### Task to carry out
What should come back is the data below, word for word, minus any picture.

Collected material: Begin

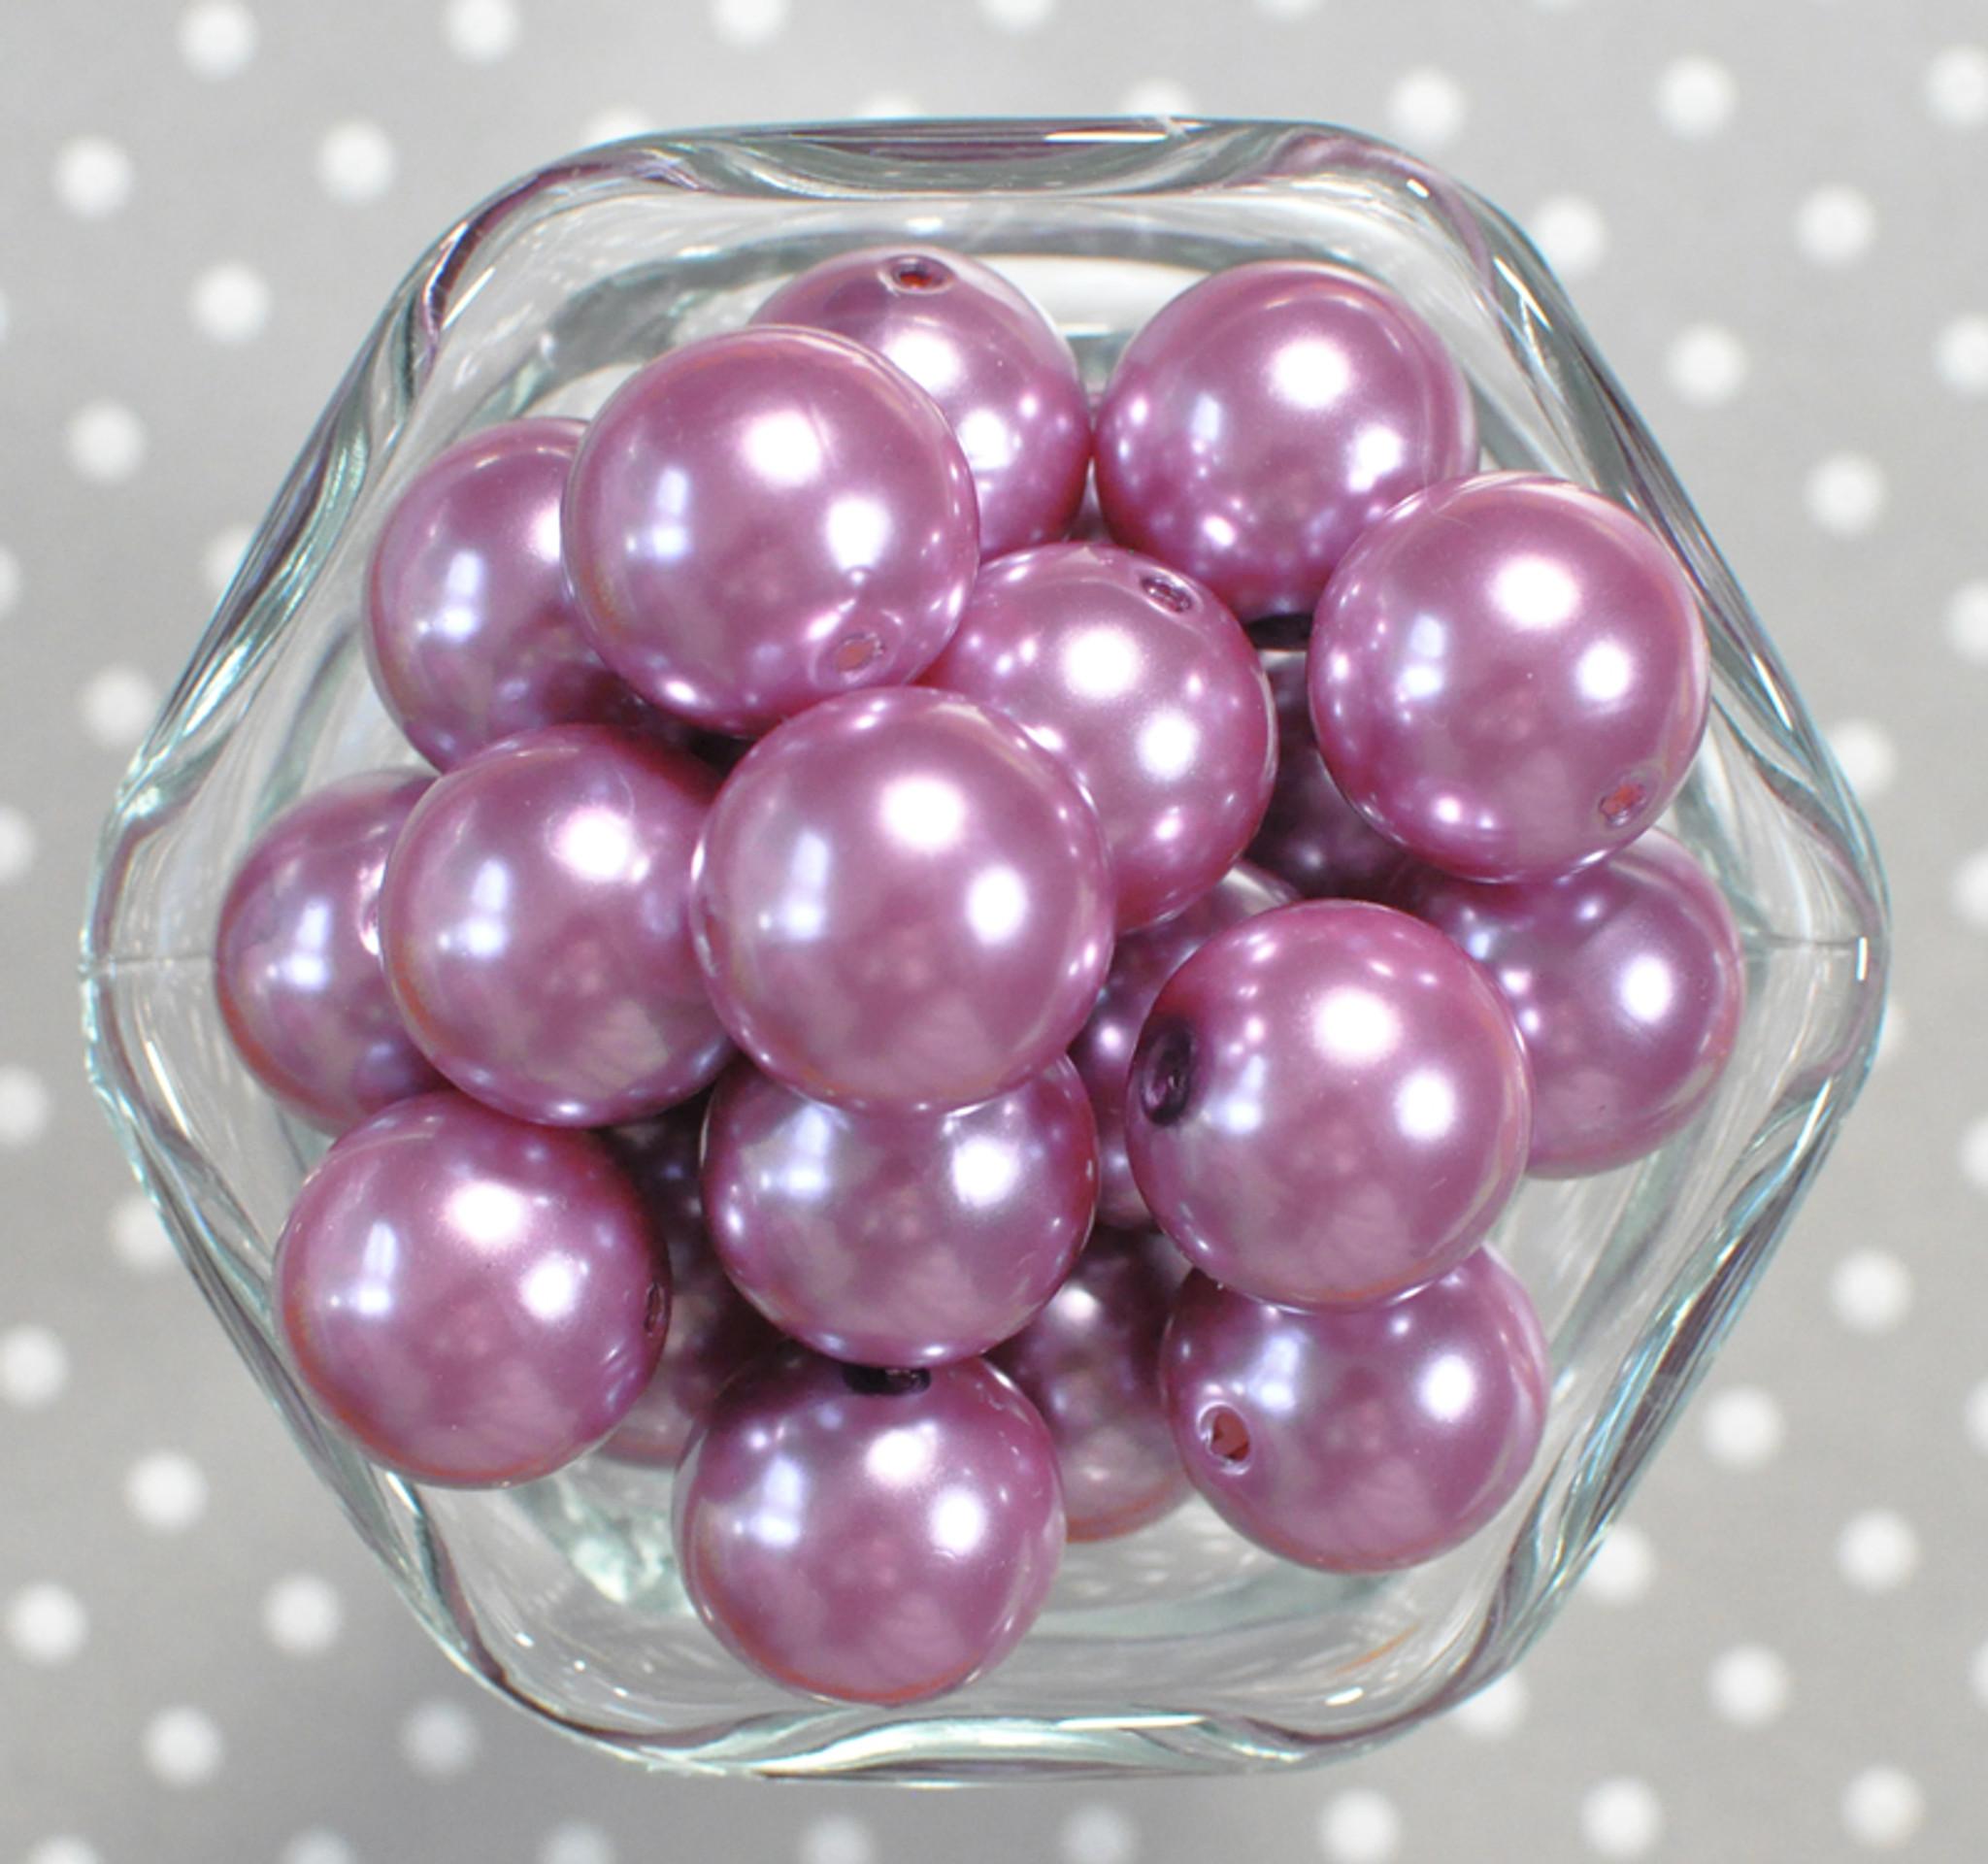 20mm Light Thistle purple pearl bubblegum beads
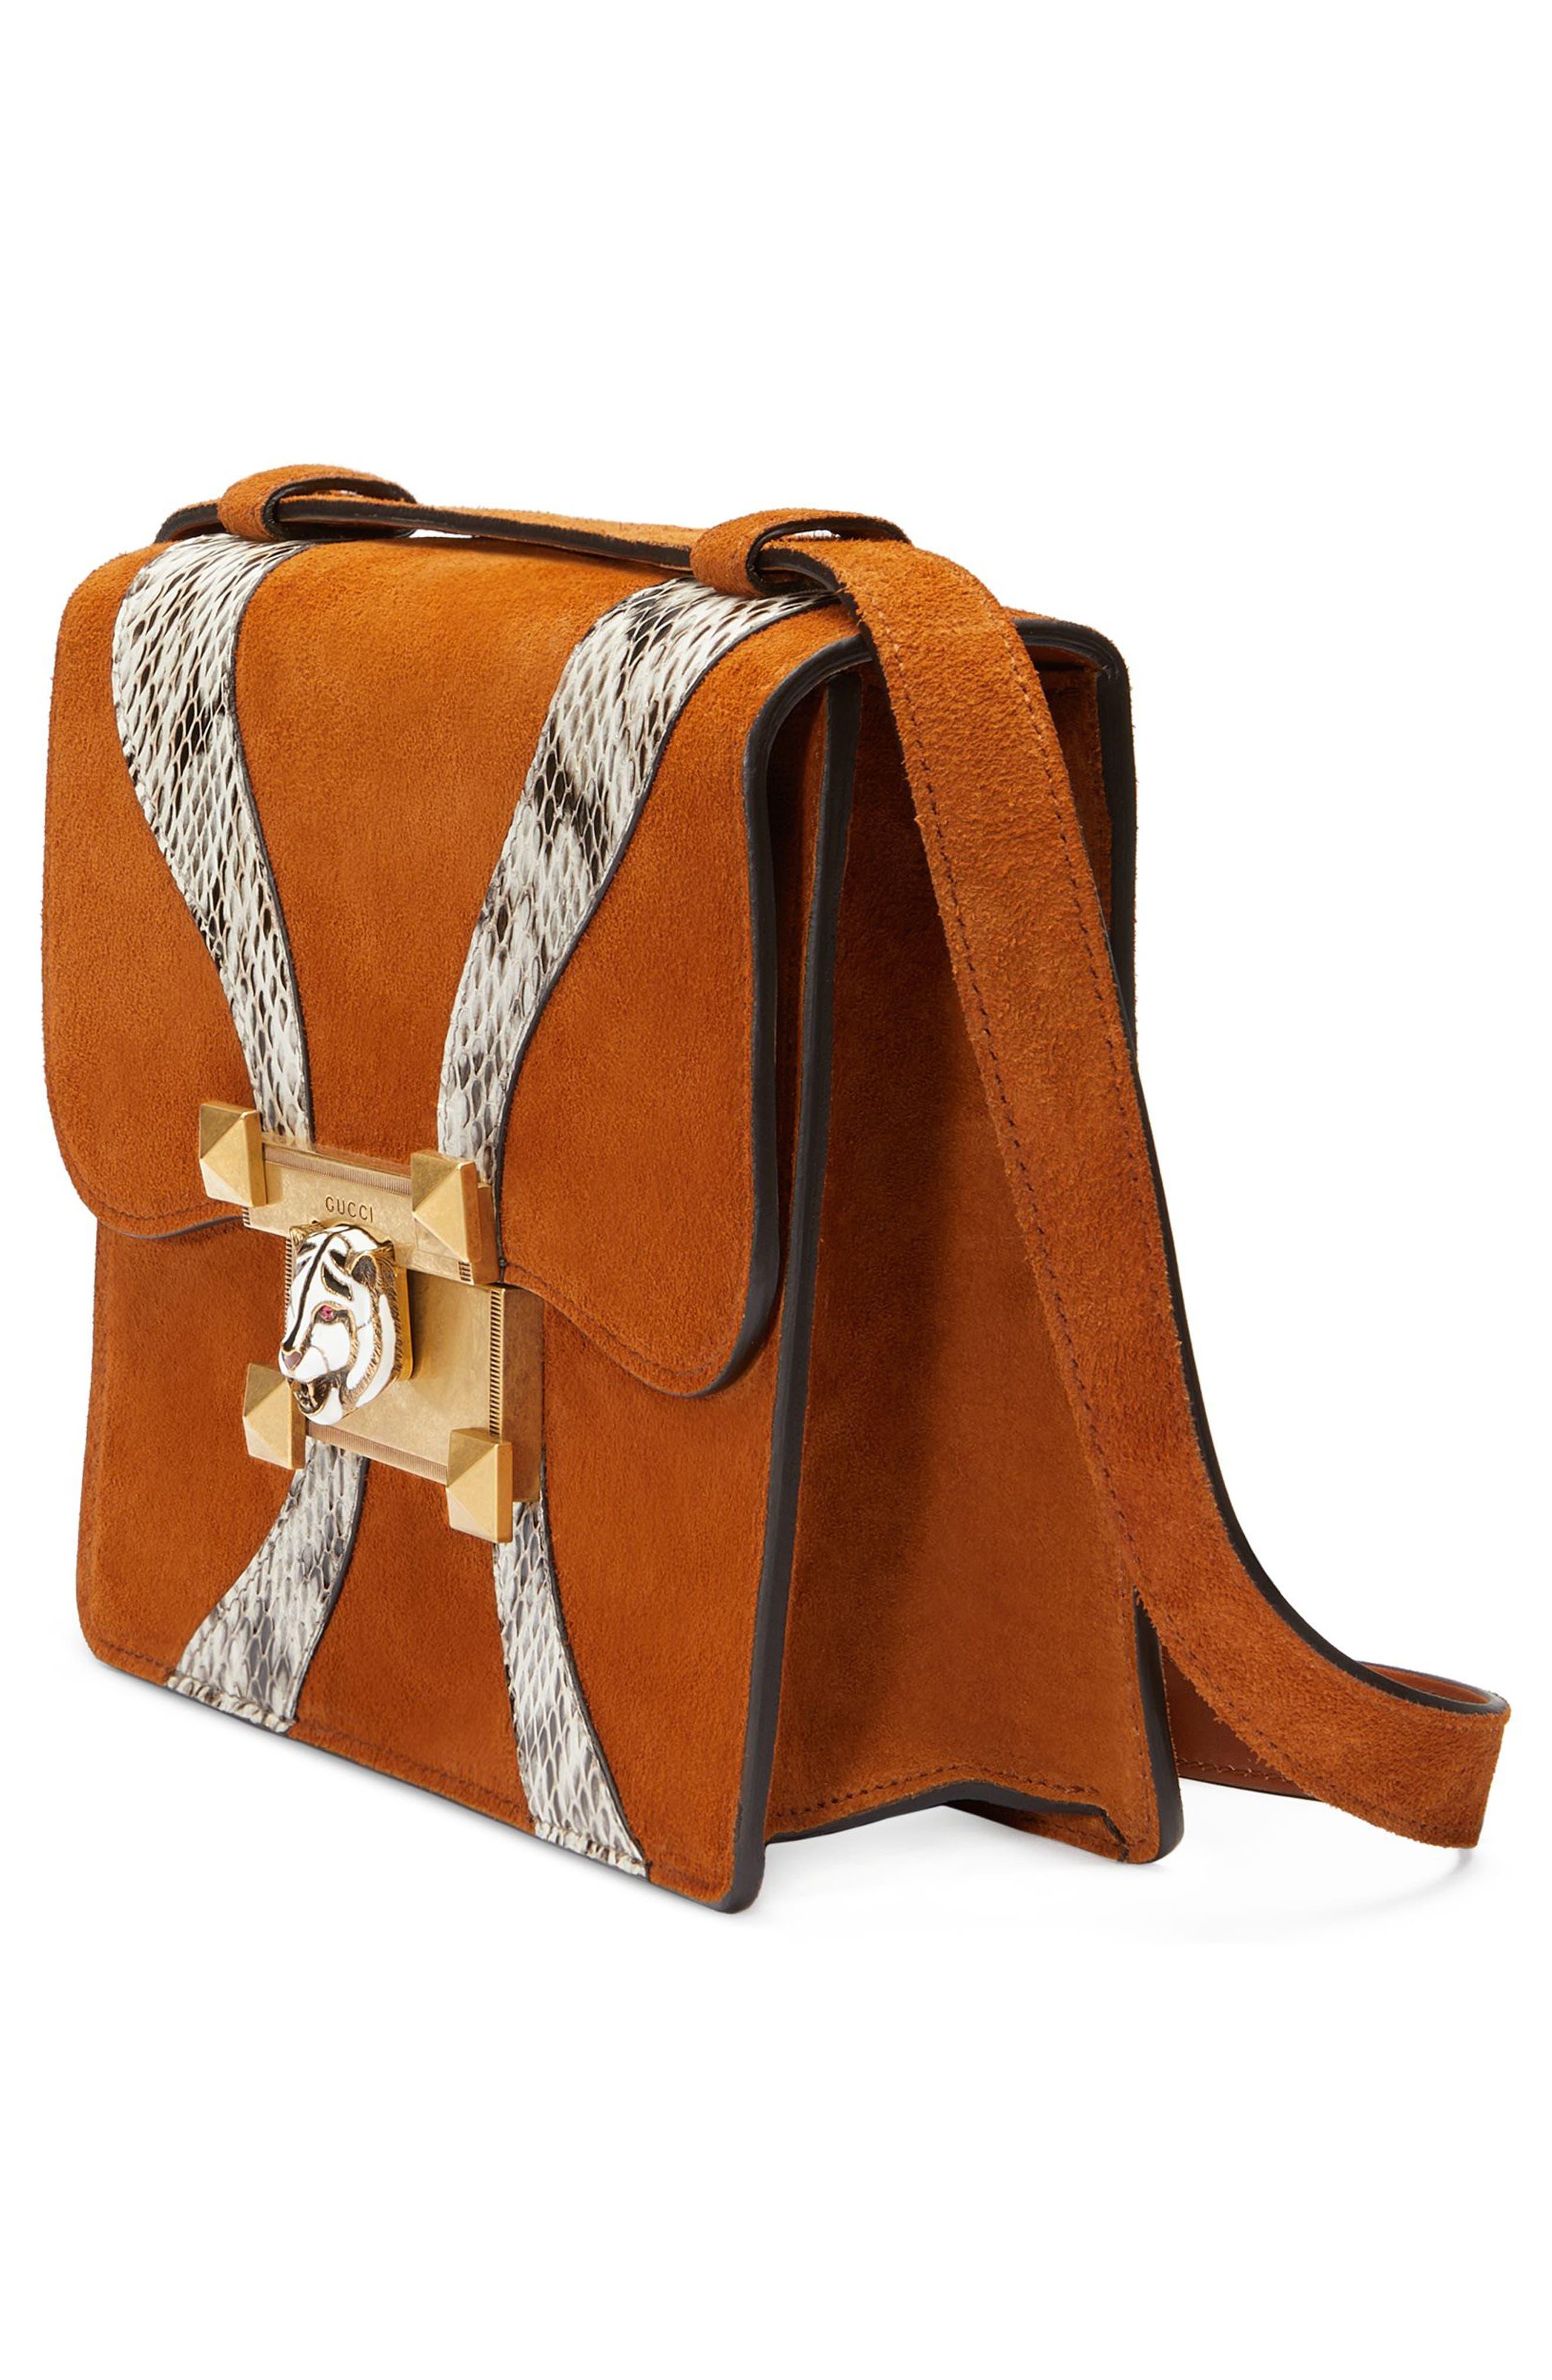 Osiride Suede & Genuine Snakeskin Shoulder Bag,                             Alternate thumbnail 4, color,                             Bright Cuir/ Roccia
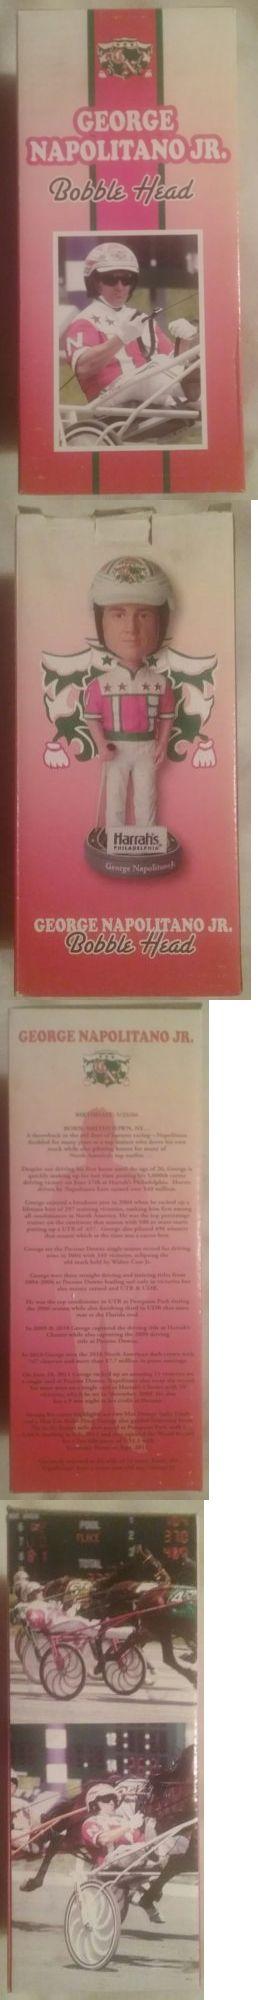 Horse Racing 429: George Napolitano Jr Bobblehead - Harness Racing - Harrahs Philadelphia -> BUY IT NOW ONLY: $99.95 on eBay!

Collected material: End

### Result for this exercise
 20mm Light Thistle purple pearl bubblegum beads
 Osiride Suede & Genuine Snakeskin Shoulder Bag,                             Alternate thumbnail 4, color,                             Bright Cuir/ Roccia
 Horse Racing 429: George Napolitano Jr Bobblehead - Harness Racing - Harrahs Philadelphia -> BUY IT NOW ONLY: $99.95 on eBay!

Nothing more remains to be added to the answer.